Esta combinación es lo que hace que la experiencia de abrirlos sea memorable y divertidísima de verdad. Según dicen mis propios compañeros, en cada retreat me supero un poco más y dejo el listón tan alto que ya empieza a ser muy difícil superarlo (¡aunque me encantan los retos!).
Aquí os dejo el historial de las locuras que he ido preparando:
1. Tazas
Empezamos por algo más clásico, pero con nuestra vuelta de tuerca: tazas cargadas de bromas internas y chistes que solo nosotros entendíamos al cien por cien.
2. Posavasos y pegatinas
Un paso más allá. Los posavasos decoraban la mesa de trabajo de cada uno, y las pegatinas se convirtieron en la obsesión absoluta para llenar todos los portátiles de la oficina con frases míticas de nuestros compañeros.
3. Imanes en tiempo real
Para este retreat, quise algo más terrenal. Preparé imanes que capturaban "memes" internos e instantes épicos del equipo. Un recuerdo tangible para la nevera que siempre saca una sonrisa cada vez que vas a por agua.
4. Muñeco estilo blíster (2D)
Aquí aproveché la fiebre de ChatGPT de "crear tu propio muñeco" y lo llevé al equipo con nuestros memes internos. Preparé una cara delantera y una trasera, las imprimí a doble cara en cartón y monté cada pieza como si fuera un juguete de blister.
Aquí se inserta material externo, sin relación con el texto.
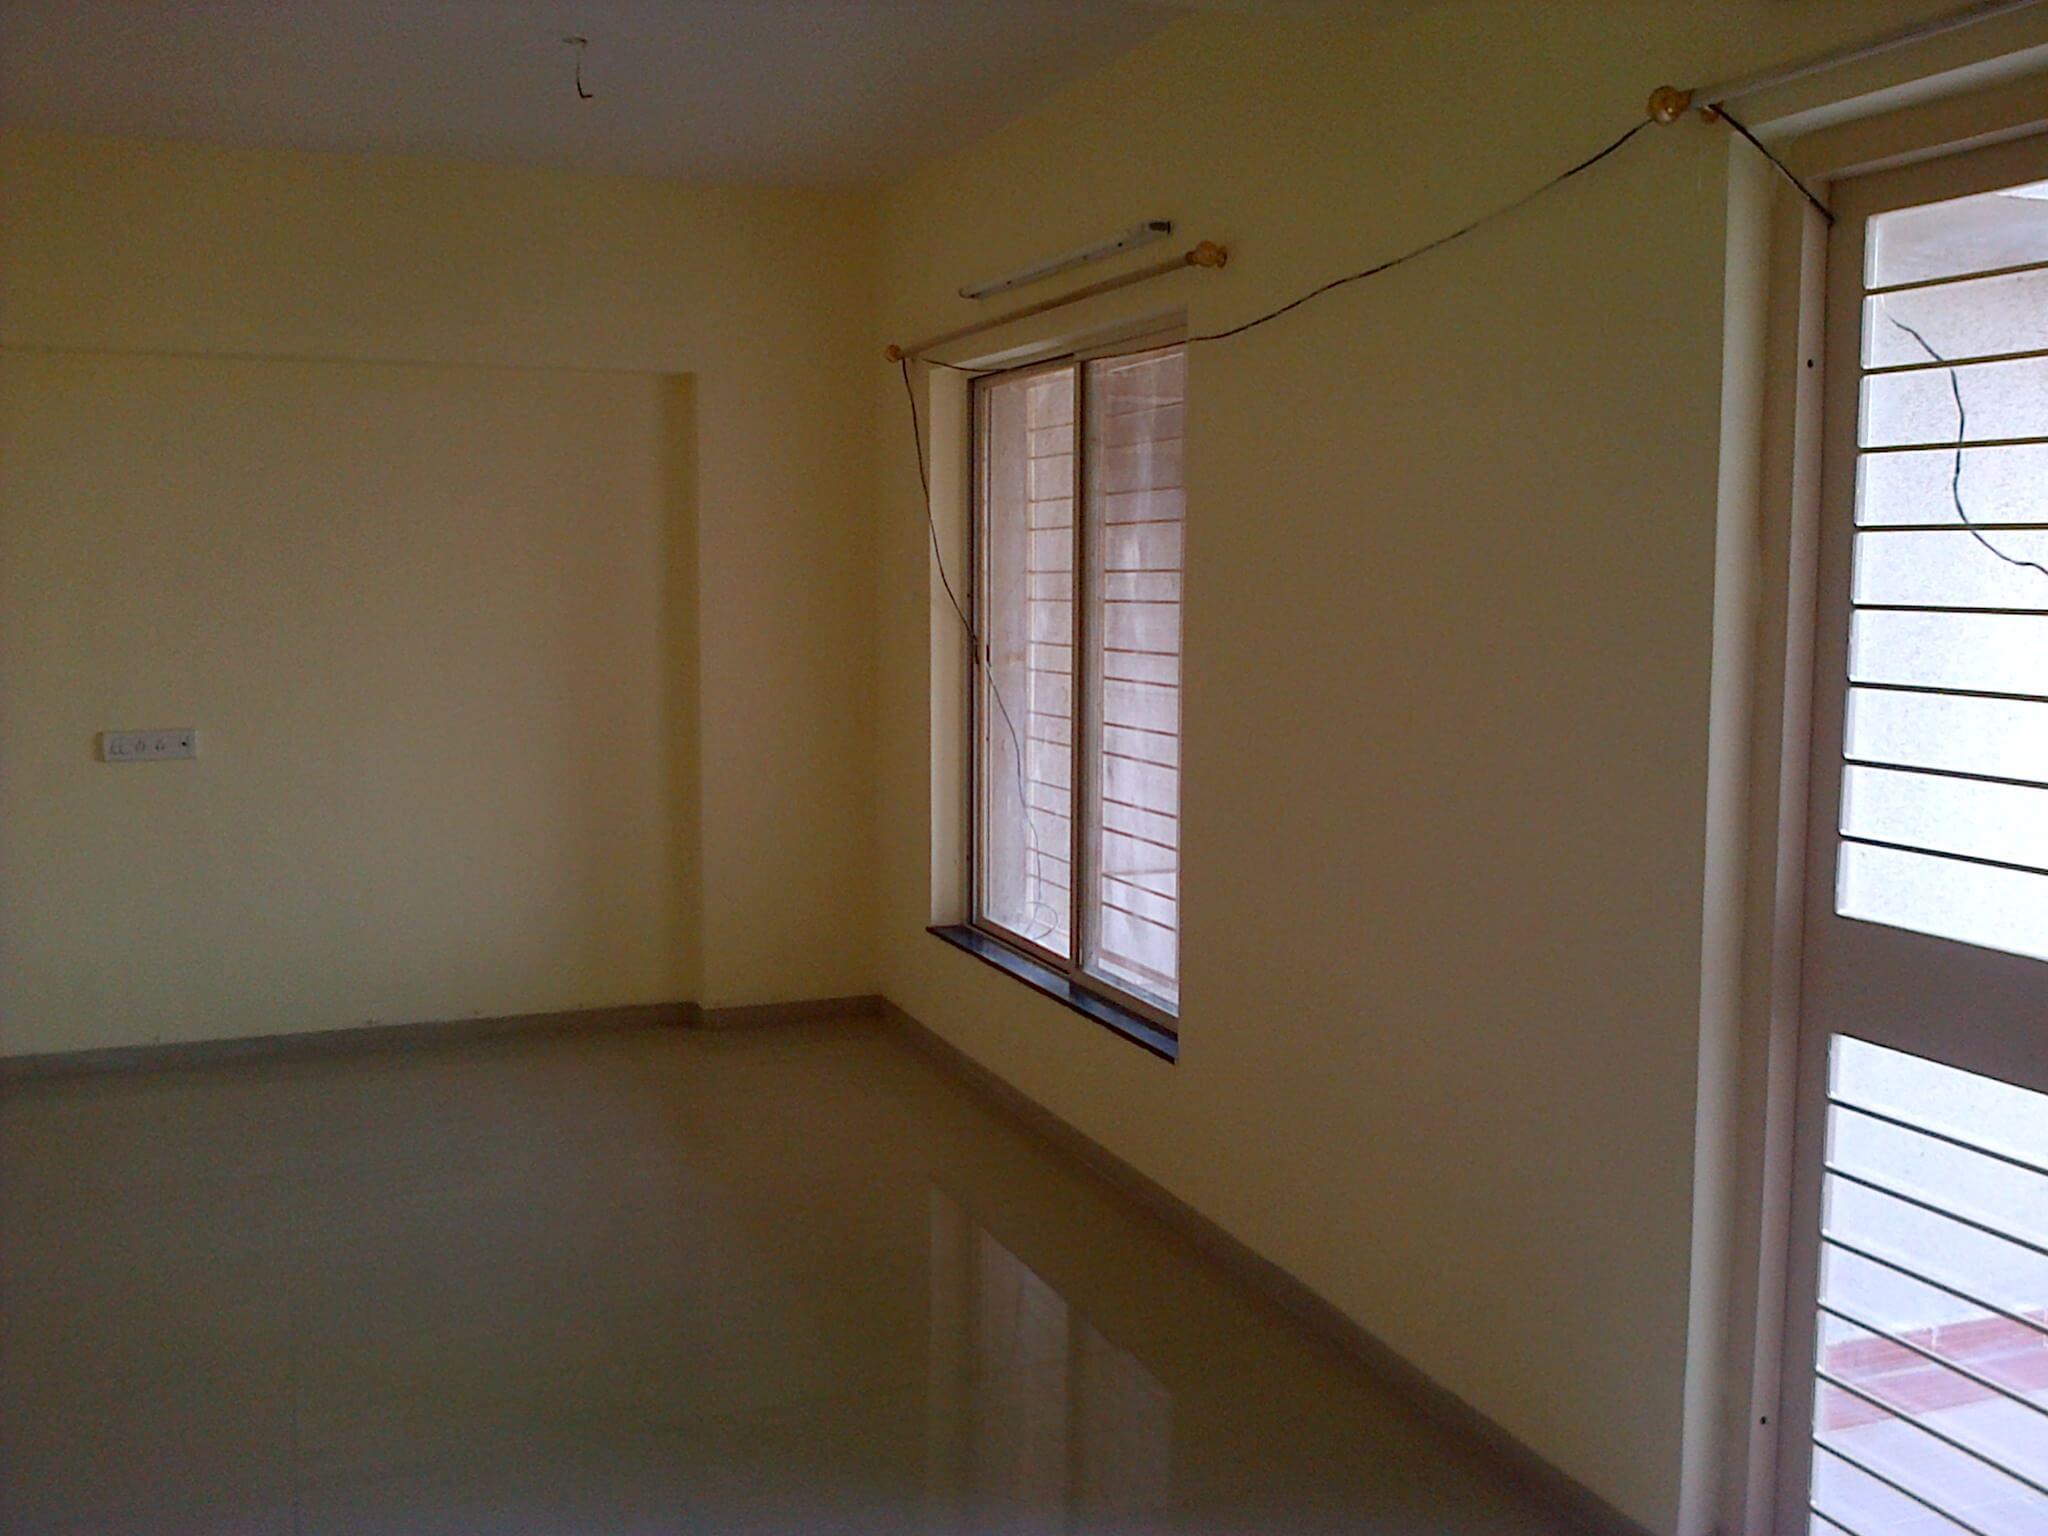 2 BHK Apartment / Flat for Rent 1095 Sq. Feet at Pune, Kalyani Nagar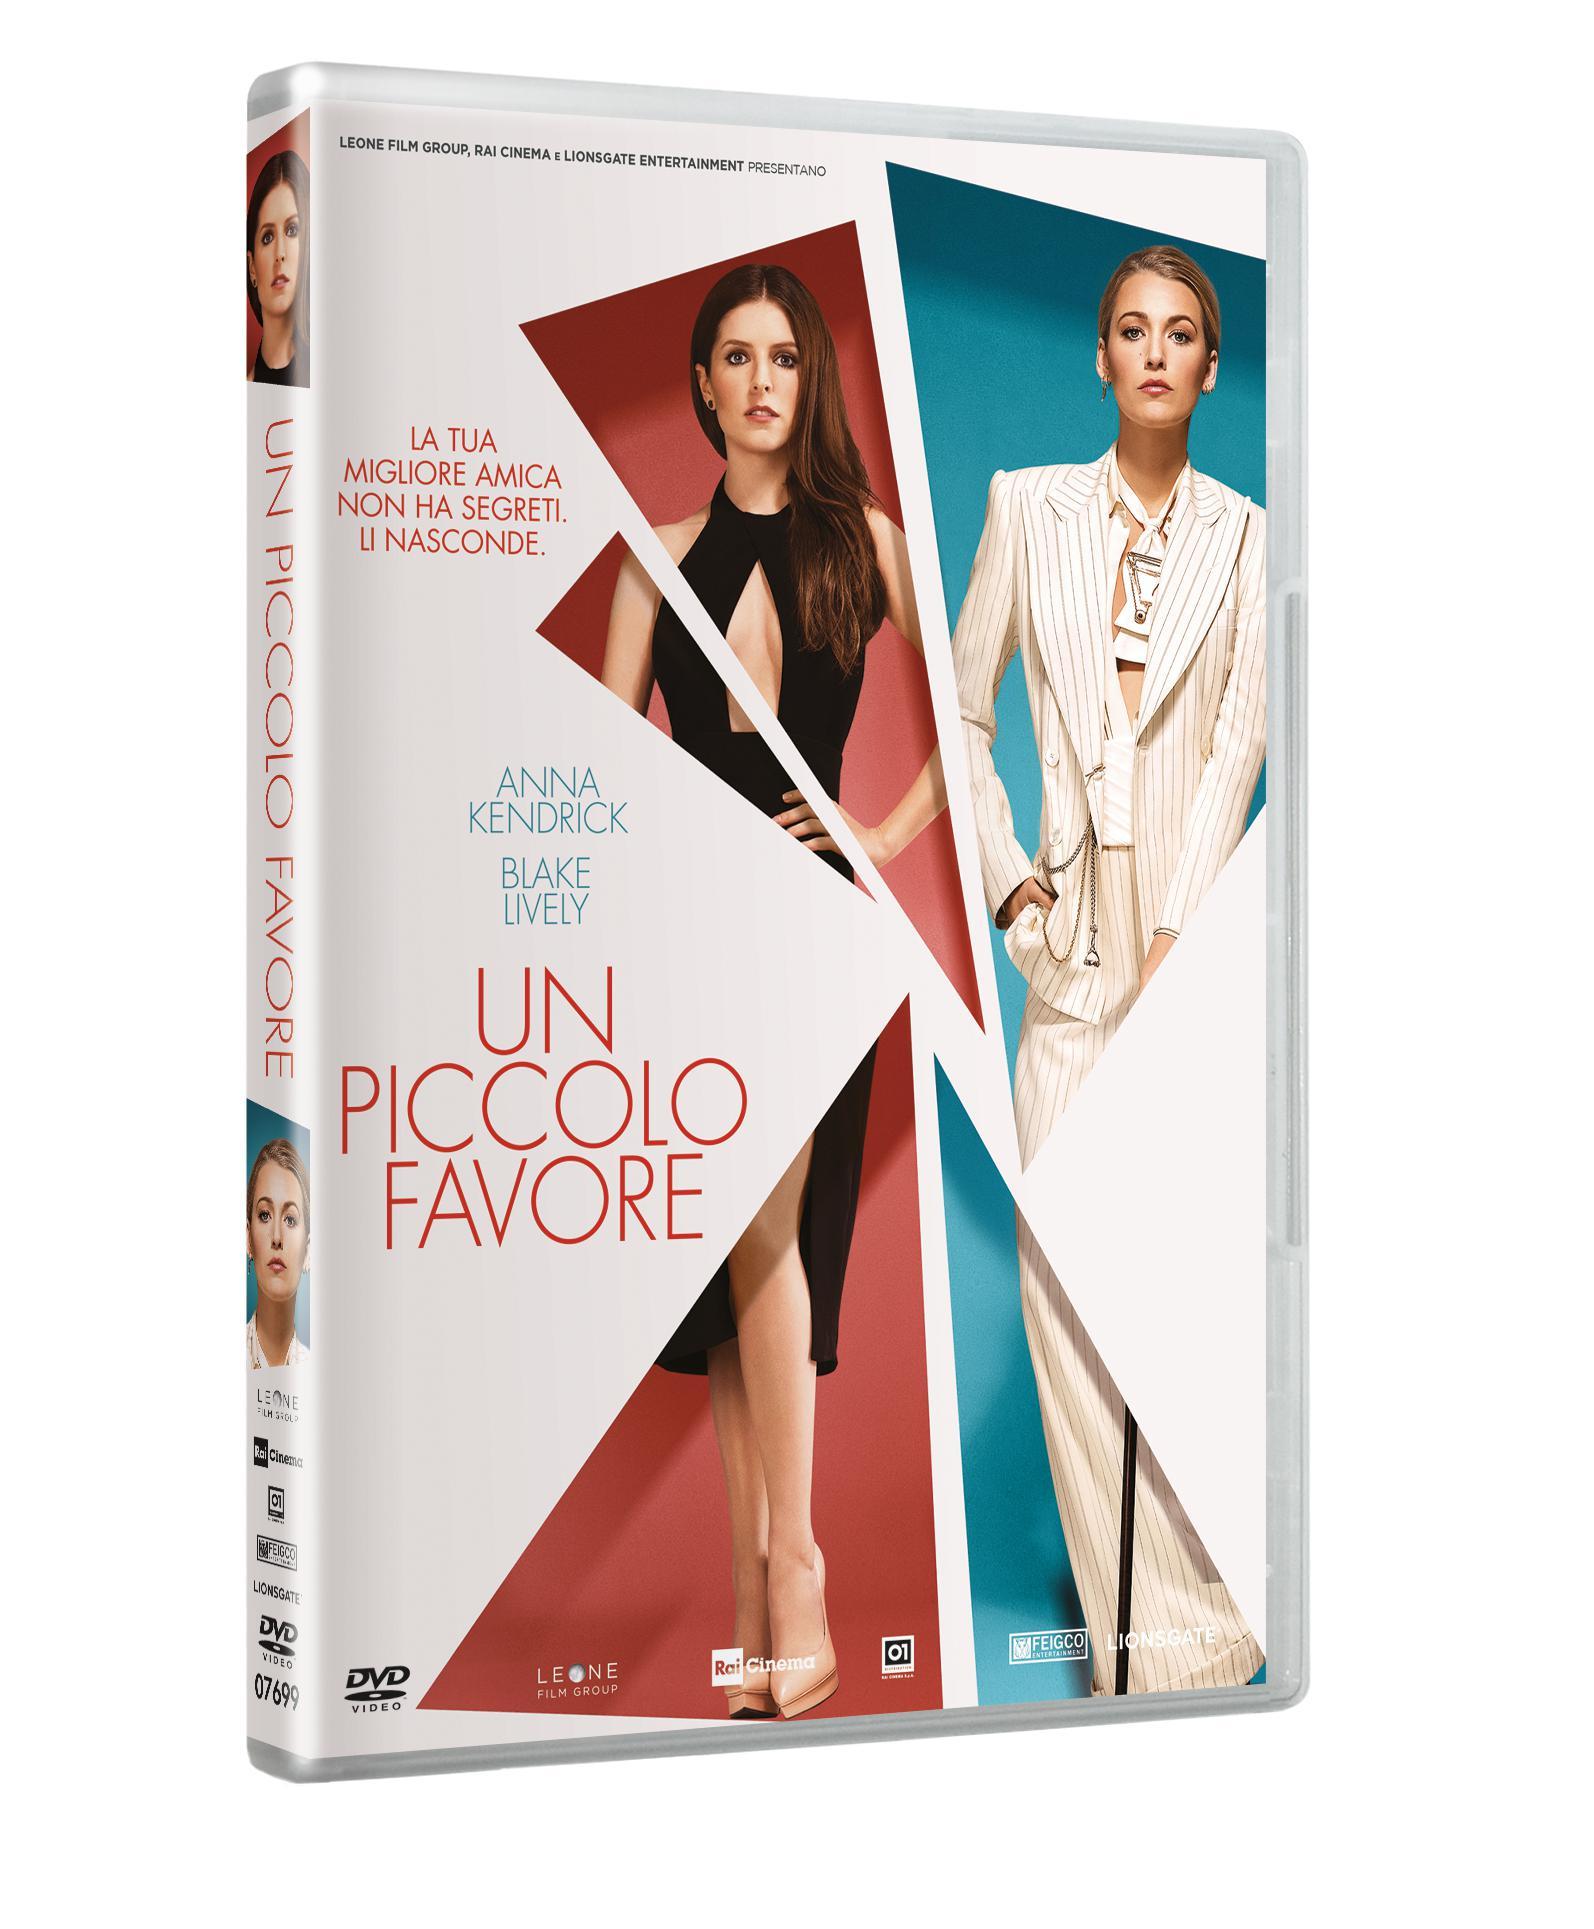 UN PICCOLO FAVORE (DVD)

Como el cartón se quedaba endeble y podía romperse, compré en IKEA un marco que se ve por delante y por detrás. El resultado quedó como un muñeco recién comprado, pero en formato 2D en lugar de 3D.
5. Cromos coleccionables
Mi último gran golpe y el proyecto más ambicioso. Diseñé una colección completa estilo cartas Pokémon (o de fútbol) con estadísticas, habilidades y la biografía épica de cada compañero.

La web interactiva resolvía un problema real del retreat anterior: la gente se quedaba solo con su propio cromo y no veía los de los demás. Con esta web, cualquiera podía ver de forma sencilla e interactiva la colección completa de todo el equipo: clevergy-cards.pages.dev.
¿Qué será lo próximo? Todavía no lo sé, ¡pero el listón está literalmente en el espacio! Va a ser muy duro mantener este nivel de locura, pero ver la cara del equipo cuando descubre la sorpresa hace que todo el trabajo valga la pena.